▶ **MATERIAL PROVIDED**
= Beginning of Section =

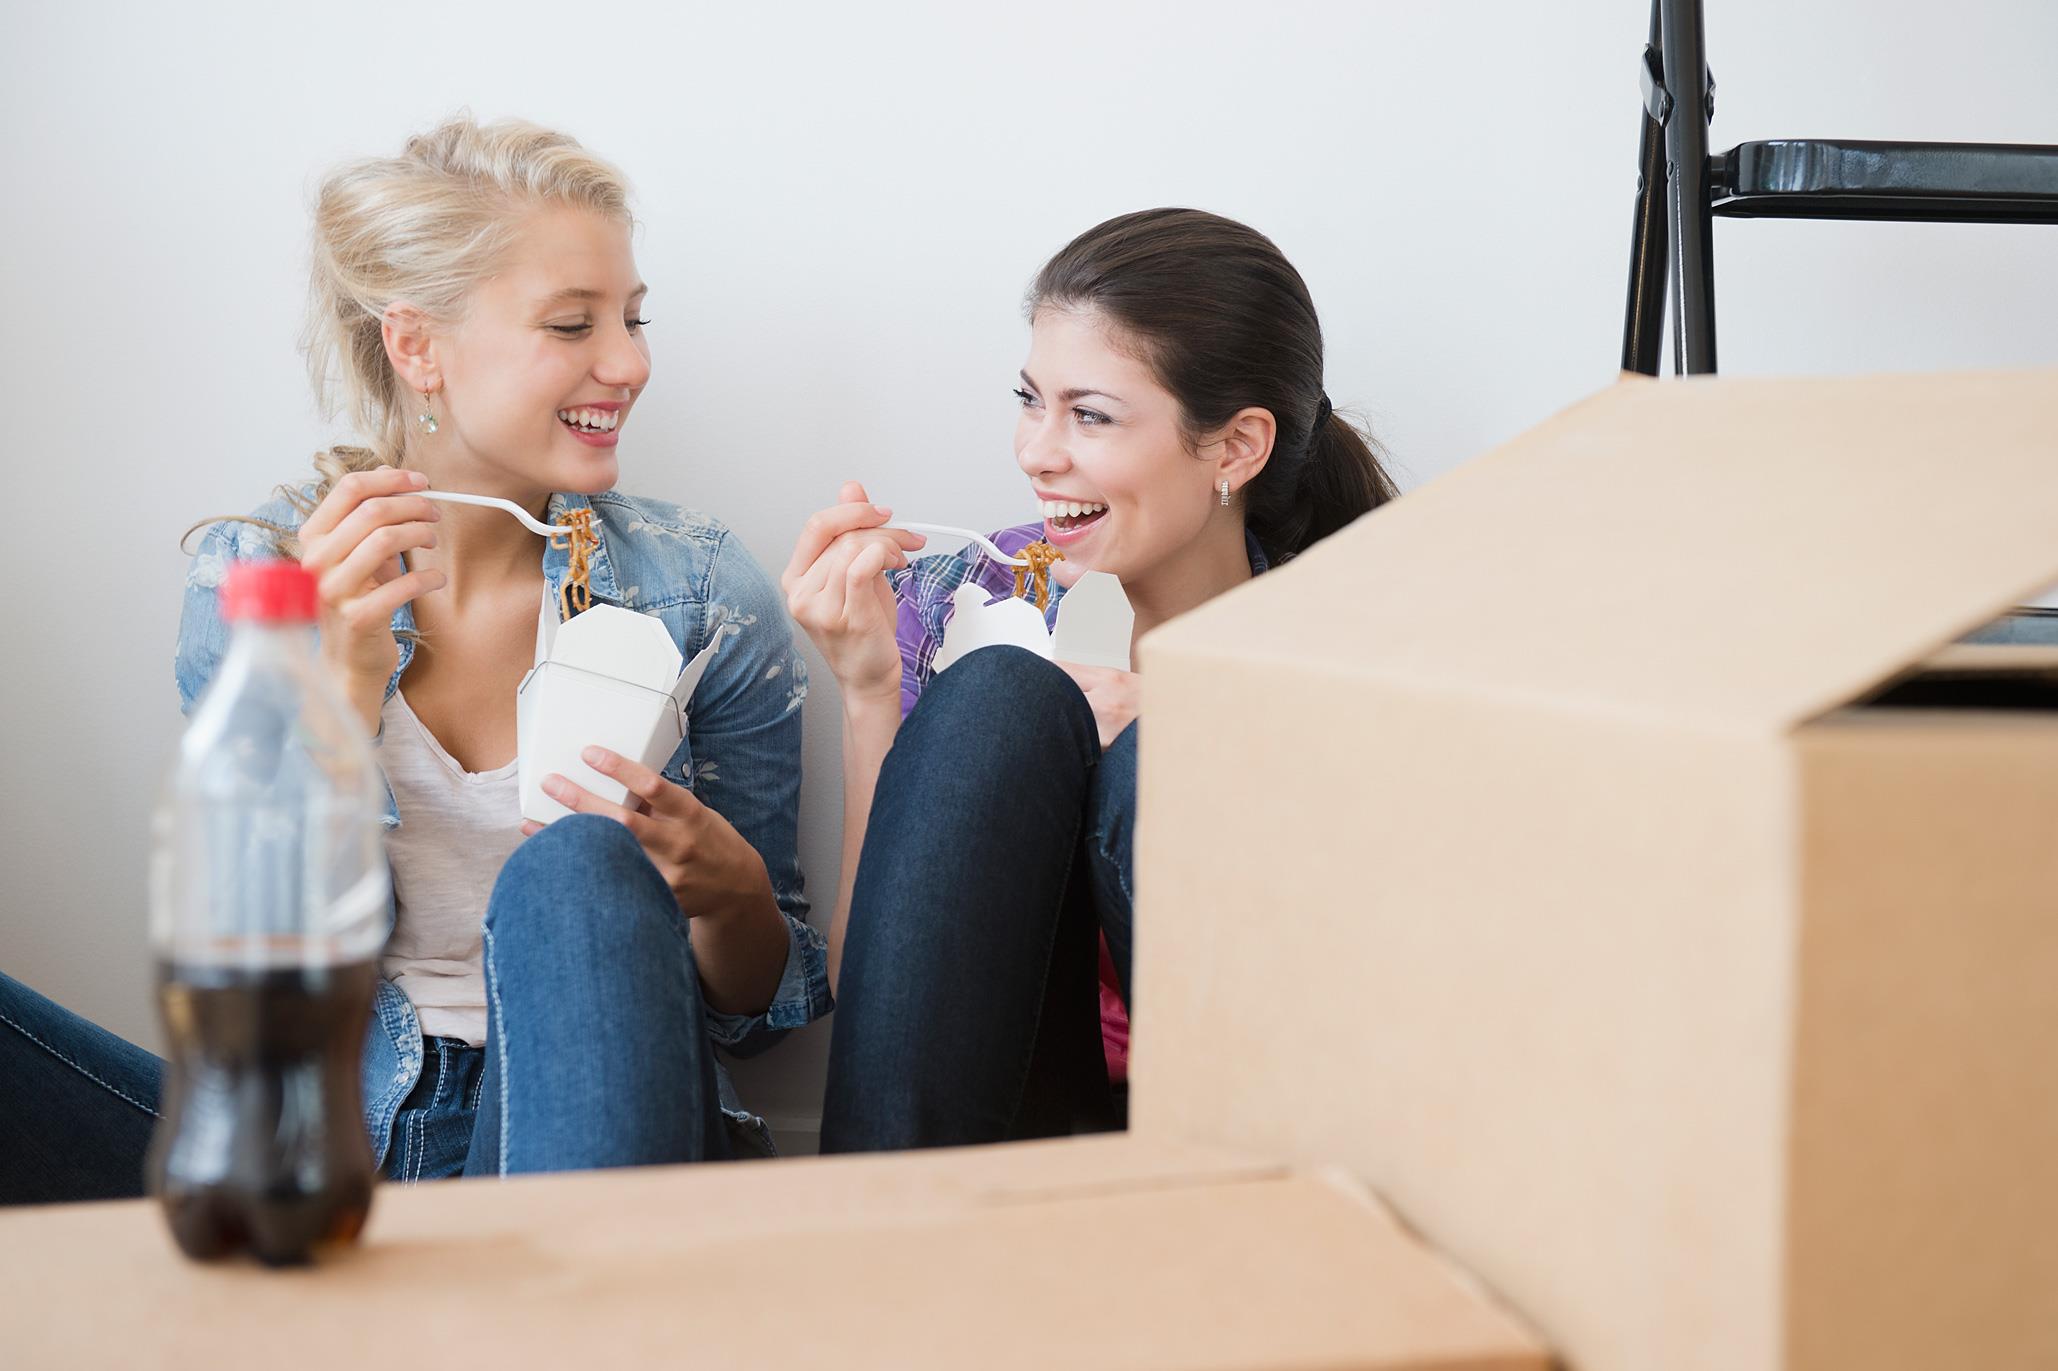 Top Things to Consider When Choosing a Roommate
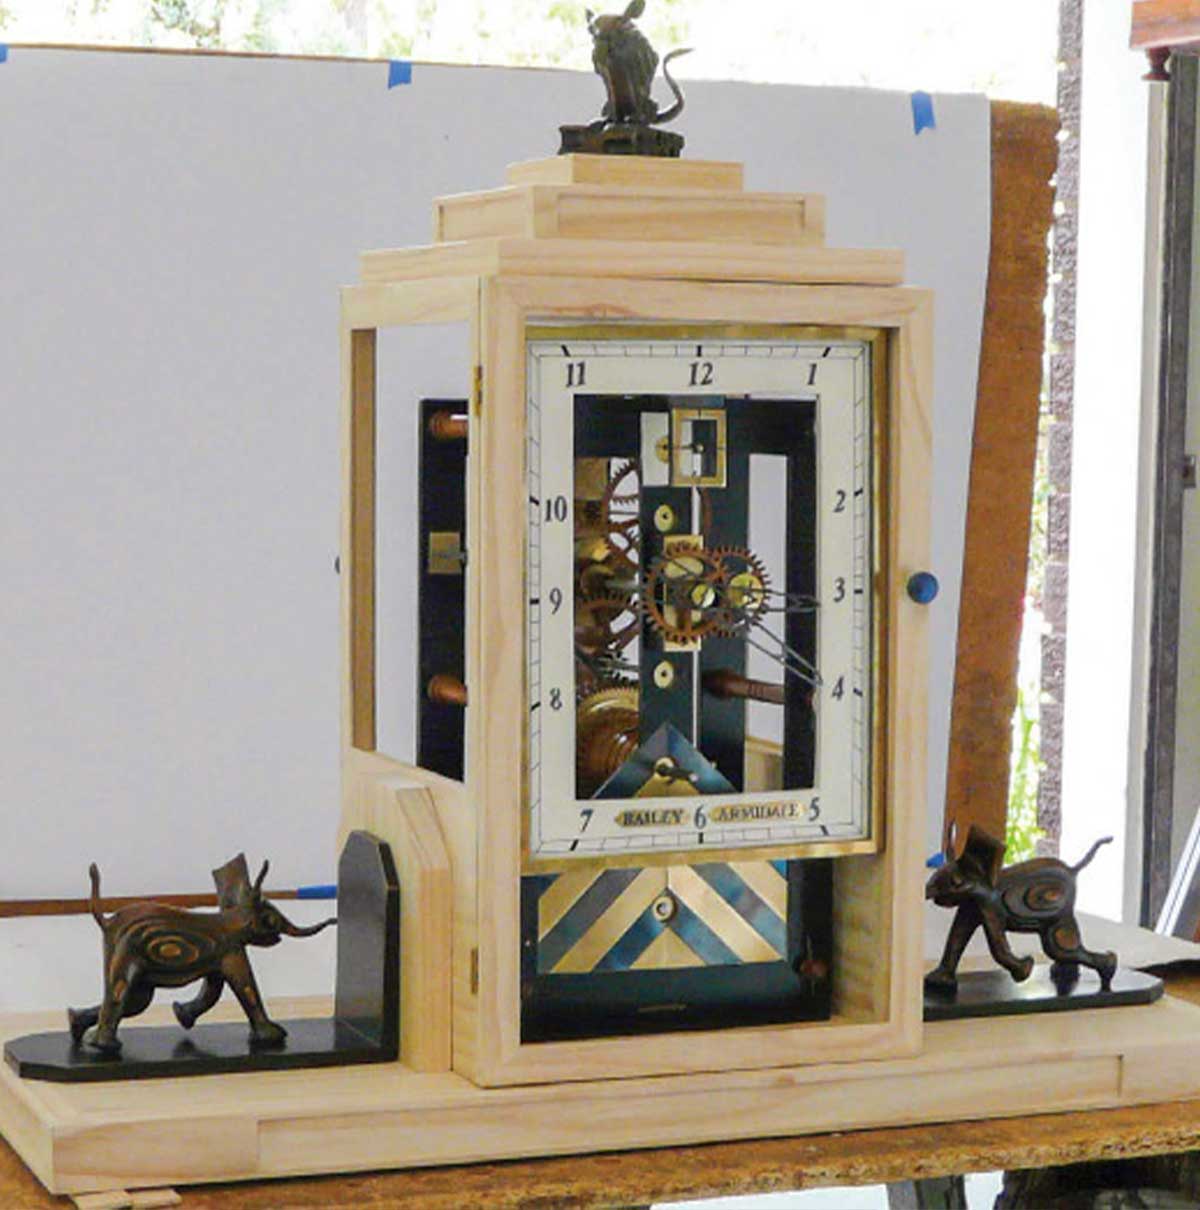 Pine clock case before finishing adorned with finished elephants and mouse
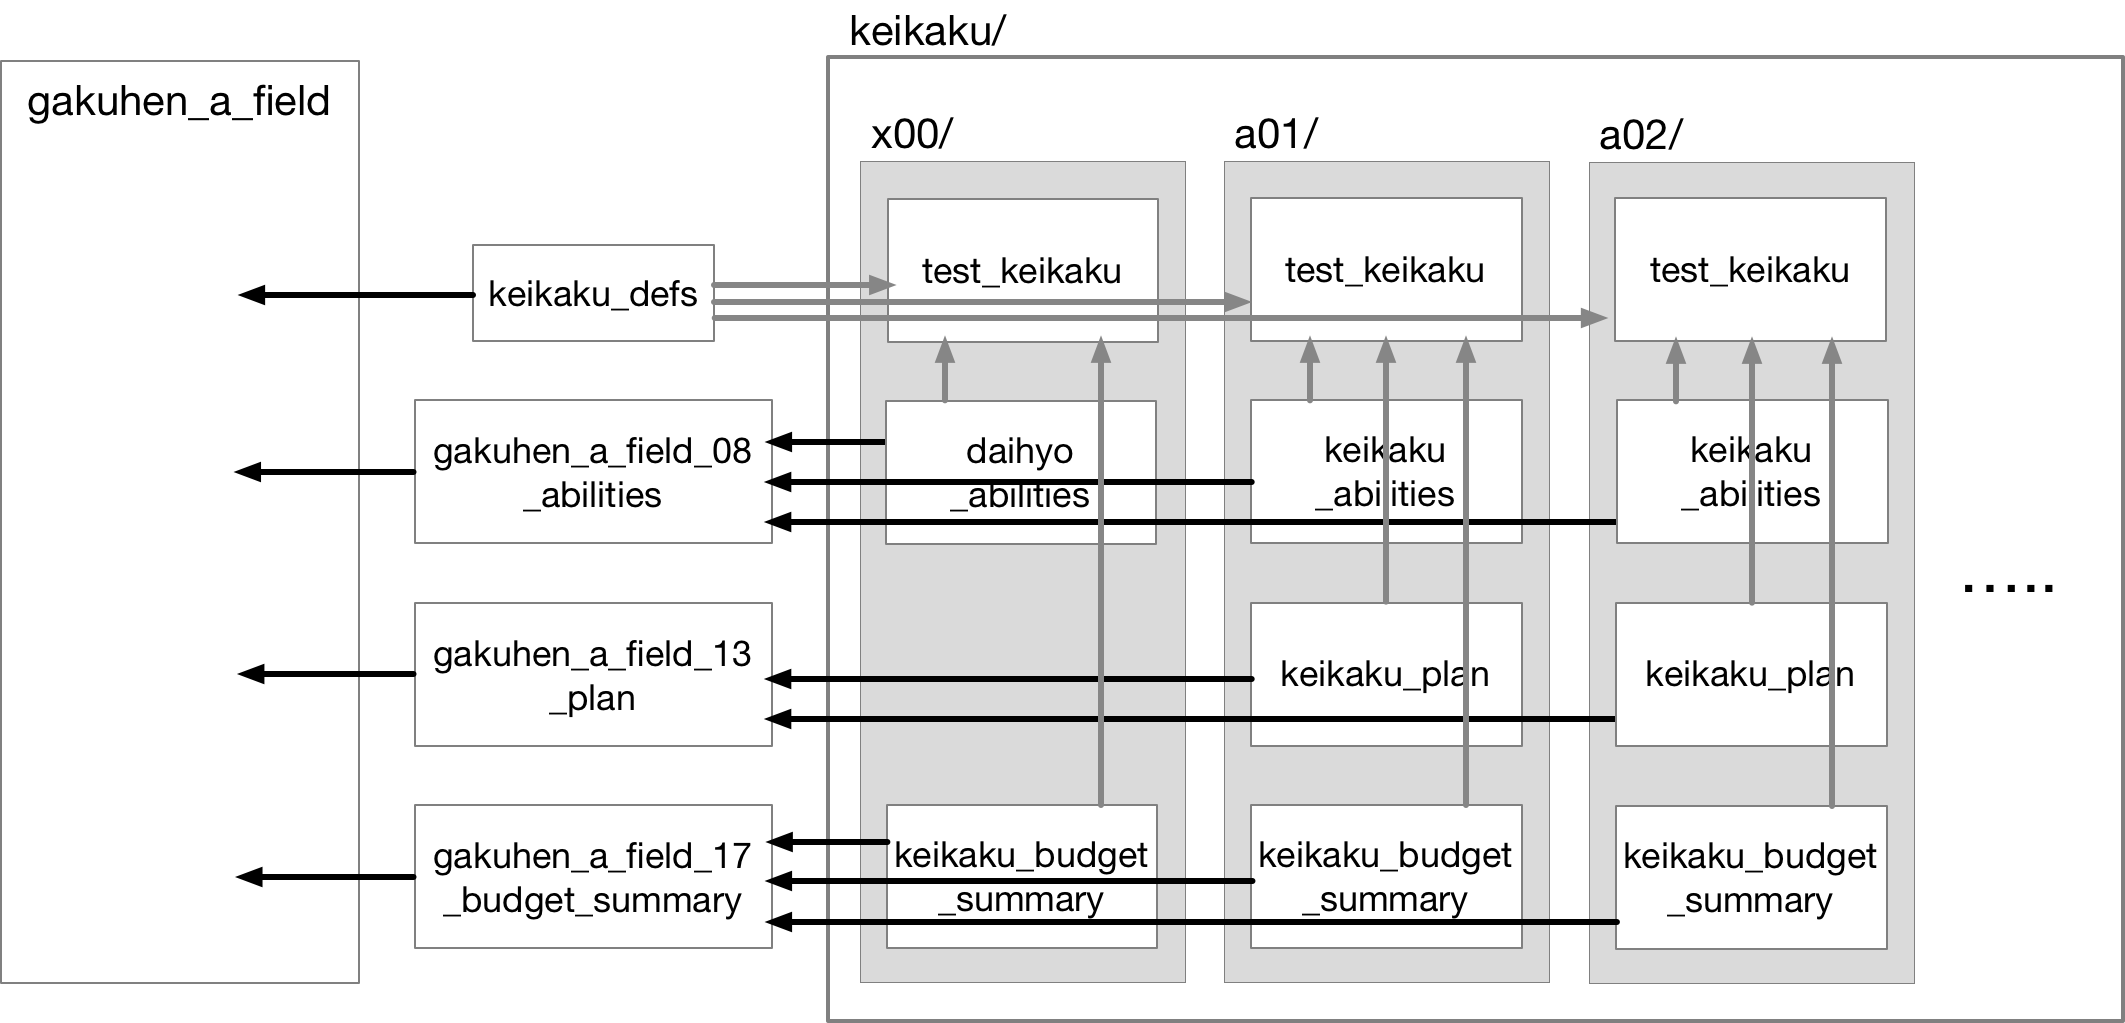 [Structure of files for gakuhen_a_field]

= End of Section =

▶ **TASK**
The answer should consist of every line above, exact and free of images.

▶ **YOUR SOLUTION**
 Top Things to Consider When Choosing a Roommate
 Pine clock case before finishing adorned with finished elephants and mouse
 [Structure of files for gakuhen_a_field]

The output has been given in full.